Jude répond à son « Aïe » en s’inquiétant de son état. Sans même ouvrir les yeux, Bella entend l’amusement dans sa voix. Certains se seraient sûrement offusquer de l’entendre si peu concerné, si légèrement inquiet. Bella savait que si quelqu’un d’autre que lui s’était tenu sur ce rocher, les choses auraient été différentes. Zeke serait descendu immédiatement et aurait même été capable de la porter à moitié pour l’aider à monter, juste histoire qu’elle ne tombe pas à nouveau. Lionel se serait sûrement moqué un peu d’elle, mais il serait descendu également… Et puis, il y avait Jude, toujours perché.
Mais Bella ne lui en veut pas. Elle sait que c’est à elle de monter sur son nuage et pas l’inverse, elle sait qu’il l’observe, juste au cas où, elle a entendu l’inquiétude dissimulée derrière l’amusement. Alors, elle lève le bras et esquisse un geste signifiant clairement « tout va bien, ne t’en fais pas ! » avant d’ouvrir les yeux, chassant les dernières étoiles de sa vision. Dans un grognement, elle se redresse, bien décidée à se relever rapidement. Elle porte la main à l’arrière de son crâne et observe ses doigts très légèrement tachés de rouge. Elle sait que sa tête à frotter ; une simple égratignure. Son genou, lui, voit dégouliner une goutte de vermeille sur sa peau. Ce n’est rien.
Elle soupire et se remet sur ses pieds alors que Jude lui montre un nouveau chemin, un peu à gauche de sa première escalade ratée. Elle acquiesce, s’approchant à nouveau de la paroi rocheuse, prête à recommencer. Ses yeux parcourent brièvement la verticale de pierre montant devant ses yeux, puis elle essuie ses mains sur son short. Très vite, elle s’élève, malgré son genou douloureux. Jude avait raison, par ici c’est bien plus facile : les prises s’enchaînent de façon fluide et elles sont toutes à sa portée ; Il suffisait d’attaquer cette petite falaise par le bon côté, comme la plupart des problèmes.

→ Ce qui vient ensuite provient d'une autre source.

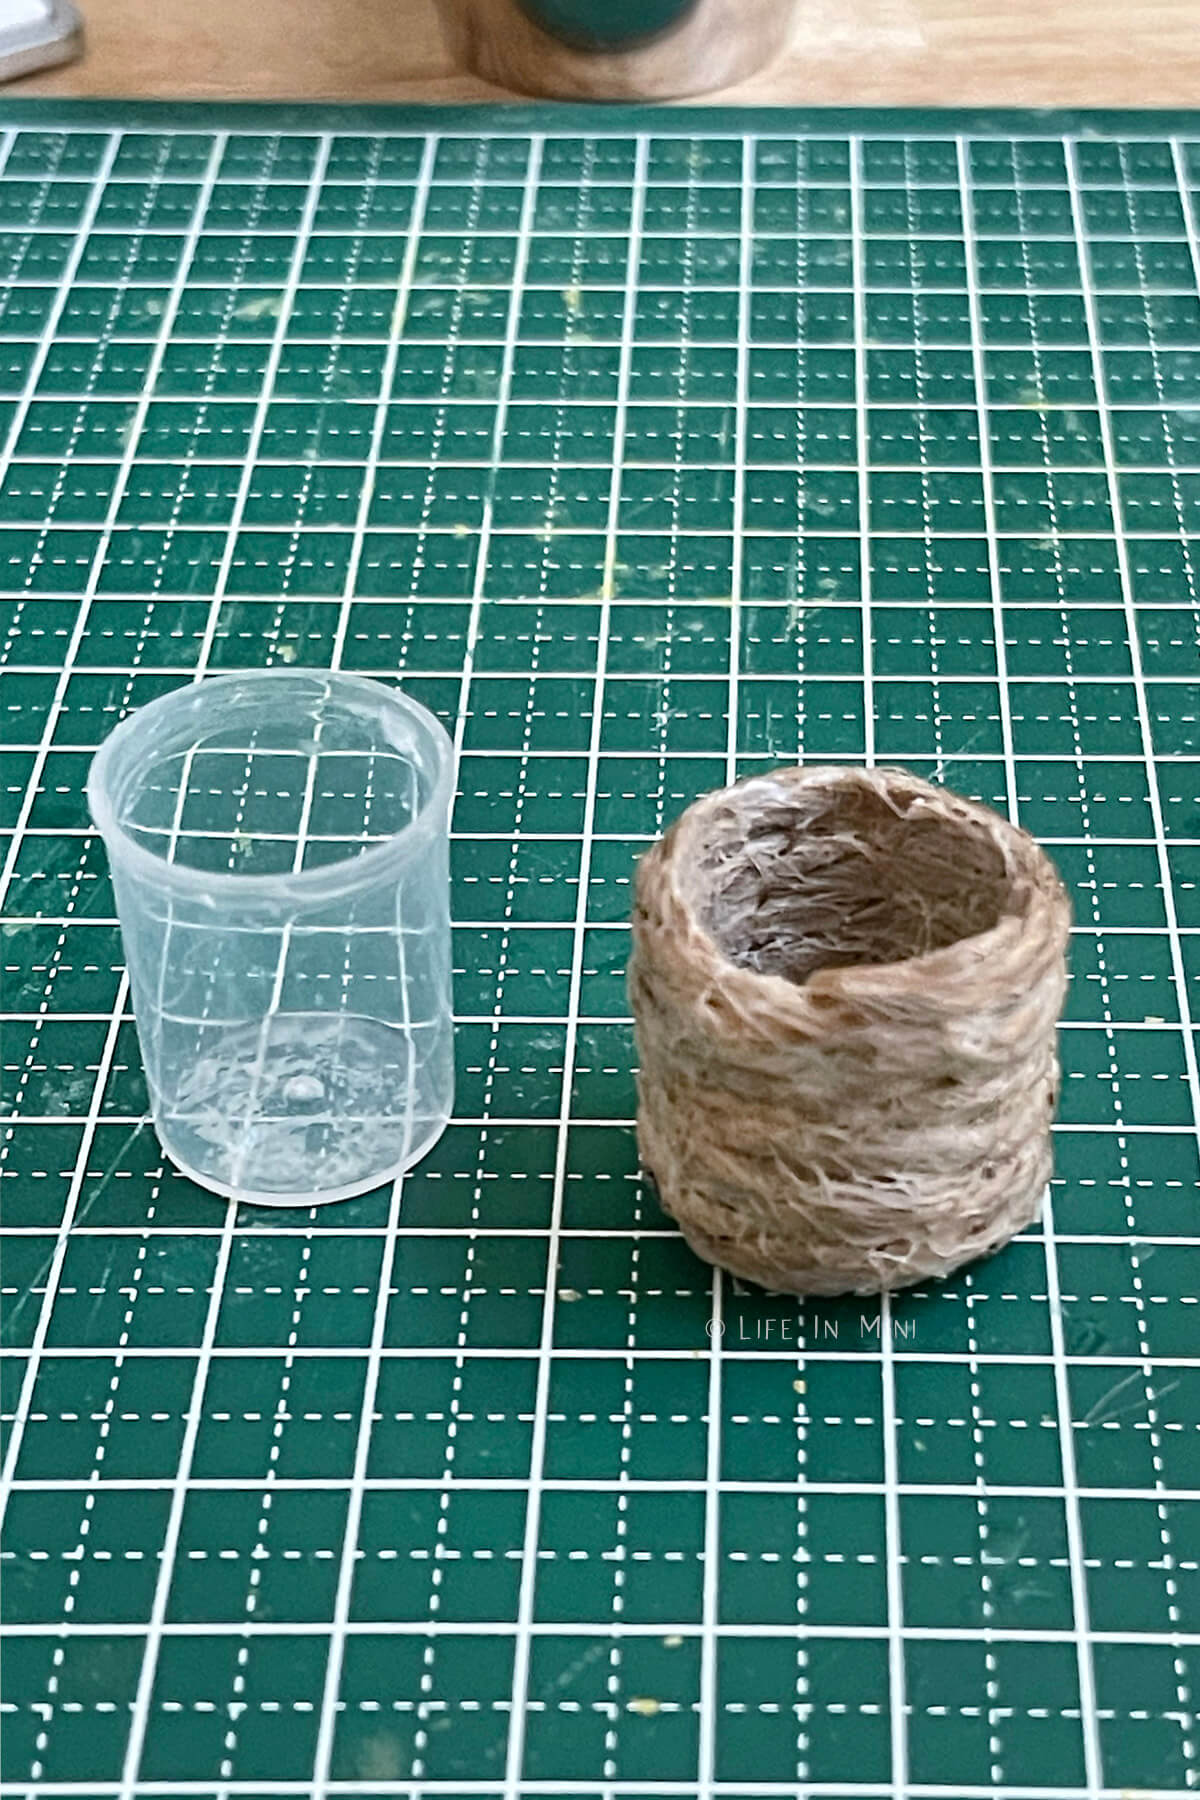 A small plastic cap with a mini basket made from twine and glue next to it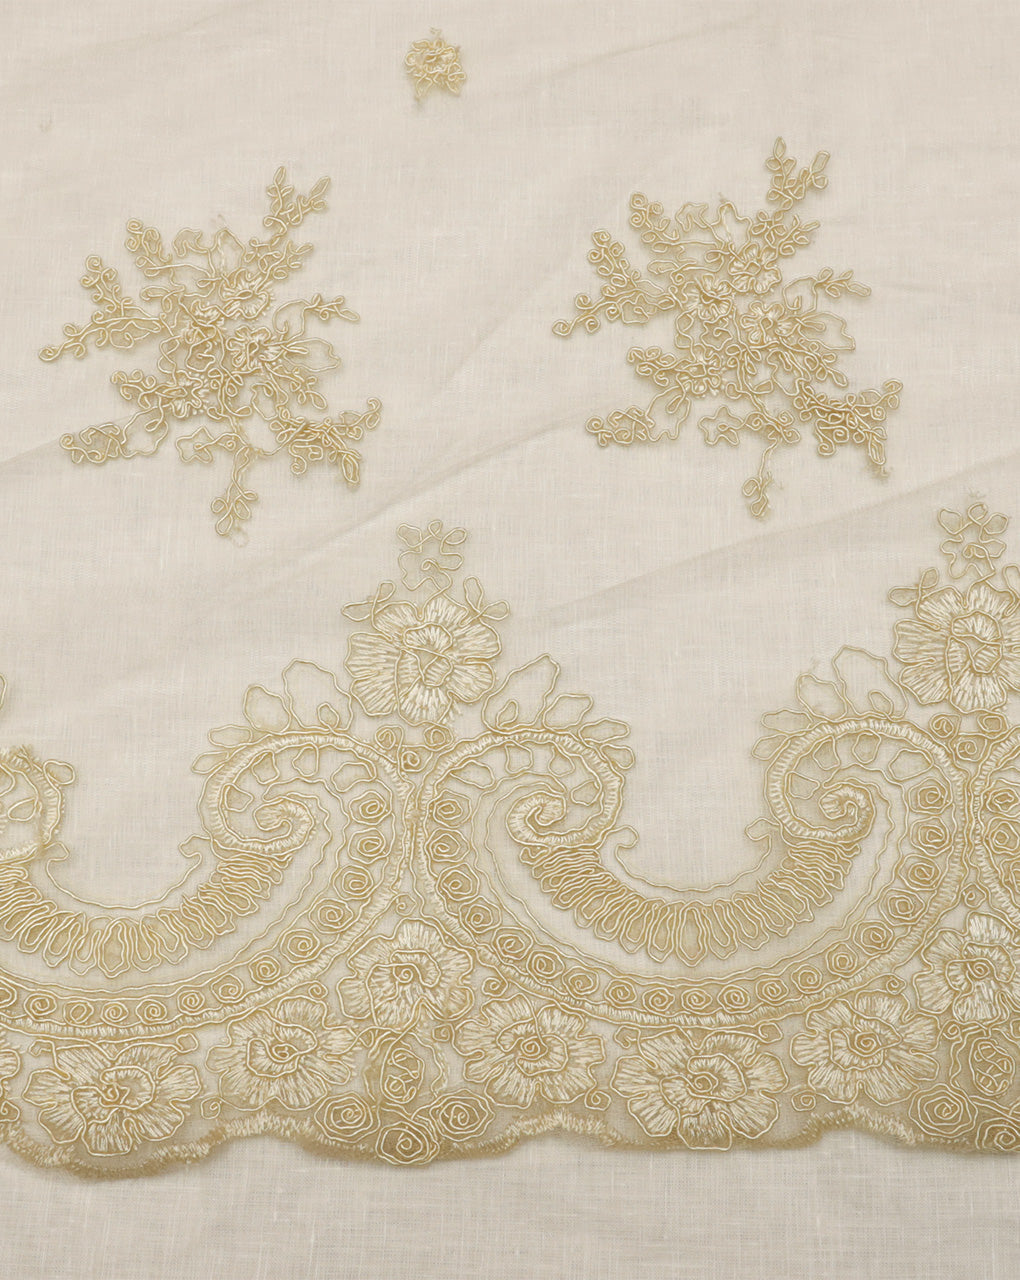 GOLDEN EMBROIDERY POLYESTER NET DESIGNER FABRIC (WIDTH 50 INCHES)

Lorsque seul un mètre la sépare encore du haut, Bella tend la main vers le serdaigle pour que son ami l’aide à gravir la distance restante. À moitié tirée par le garçon, c’est ainsi qu’elle se retrouve sur le nuage de Jude. Elle pose son fessier juste à côté de celui de son ami et lui dédie un énorme sourire « Coucou. » Enfin dans son monde.
Elle se penche un peu, tendant ses jambes dans le vide, pour poser son regard sur son genou blessé. Rien qu’elle ne puisse arranger d’un coup de baguette et pourtant… Pourtant elle décide d’un haussement d’épaule de le laisser comme cela. Bella n’est pas née moldue, contrairement à Jude, mais son enfance a très certainement été similaire sur bien des points si on passe sous silence l’histoire personnelle compliquée de son amie. Contrairement aux sorciers, Bella a appris que les blessures ça se soigne avec le temps, et non d’un coup de baguette magique. Son genoux guérira tout seul, et puis cela ne fait pas si mal.
Elle décale son assise pour se coller à Jude en se soulevant légèrement à la force des bras. Lorsqu’enfin leurs bras se touchent, Belladona se sent bien installée et peut porter son regard sur les spectacle qui s’offre à eux. Un peu en retrait, surplombant le camps, d’ici ils peuvent tout voir. Tous ces gens qui s’affairent, qui s’esclaffent, qui se prennent le bec. D’ici, ils se placent en spectateurs, et c’est sûrement pour cette sensation d’outsider que Jude affectionne tant cet endroit.
Amusée, Bella pointe un vieux monsieur sortant de sa tente, étirant ses membres comme si l’après midi n’était pas déjà bien entamée. Mais, ce qui amuse la jeune fille, c’est bien l’absence de robe de sorcier sur son dos. « Sûrement un allemand », lâche-t-elle, faisant référence aux clichés européens pourtant censés disparaître avec cet échange.